Fault-Tolerant Parallel Software Library
by
Eiji Sugino and Haruo Yokota at JAIST (Japan Advanced Inst. of Sci. and Tech.,
Hokuriku)
[Function]
It executes programs like samples as fault-tolerant parallel software.

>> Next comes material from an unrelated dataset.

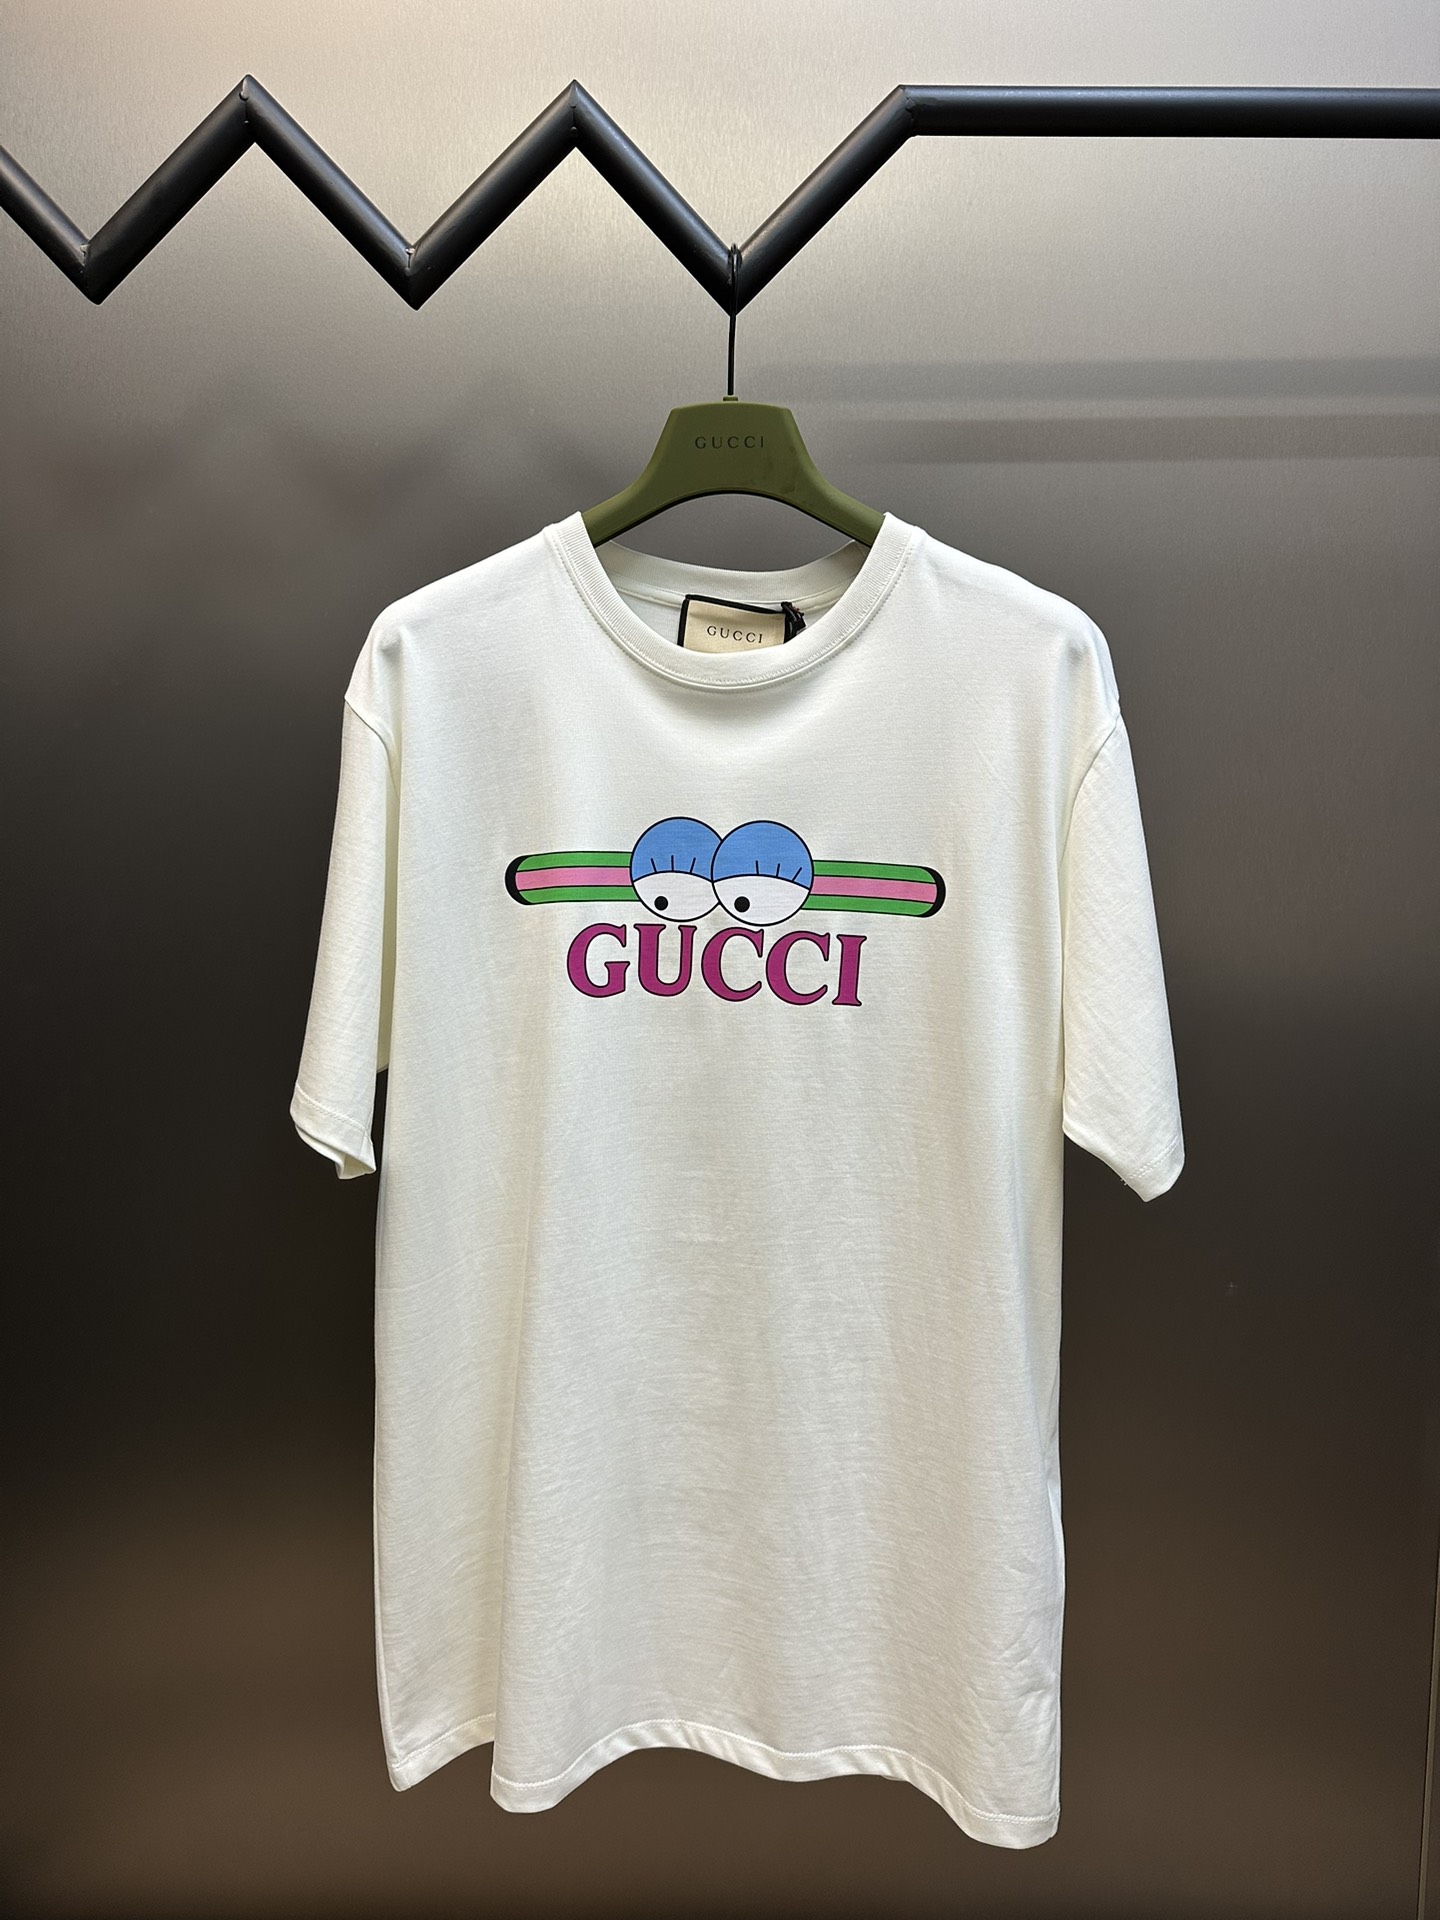 Gucci Clothing T-Shirt Printing Cotton Fabric Knitted Knitting Short Sleeve

distribution(Primary,Backup) : in watchdog.kl1
divides all nodes into two groups, and fork watchdog processes on
each nodes.
copy(Args,Args1,Args2,Interrupt) : in copy.kl1
replicates arguments 'Args' into 'Args1' and 'Args2',
and prepares forwarding processes for each variables.
[Usages]
You should compile your program with
1) watchdog.kl1 and copy.kl1, and
2) ncube.kl1 or sparc.kl1 depended on your system
for example,
- % klic -v -dp -o dofts watchdog.kl1 copy.kl1 sparc.kl1 main.kl1 ft_queen.kl1
- % ./dofts -n -p5 7d
Attention) You should put nodes, number of which is more than 2.
[Files]
- fts/
- README.j
- README-j.html
- README.e
- README-e.html
- watchdog.kl1
- copy.kl1
- ncube.kl1
% for nCUBE2
- sparc.kl1
% for SPARC
- === samples ===
- ------- sample 1 -------
- main.kl1
- queen.kl1
- ft_queen.kl1
- ft_queen_faulty.kl1
- ------- sample 2 -------
- main-sim.kl1
- f_sim.kl1
- f_sim_faulty.kl1
[Example]
This program is under construction and we cannot complete
as tracing facility on distributed KLIC is not available.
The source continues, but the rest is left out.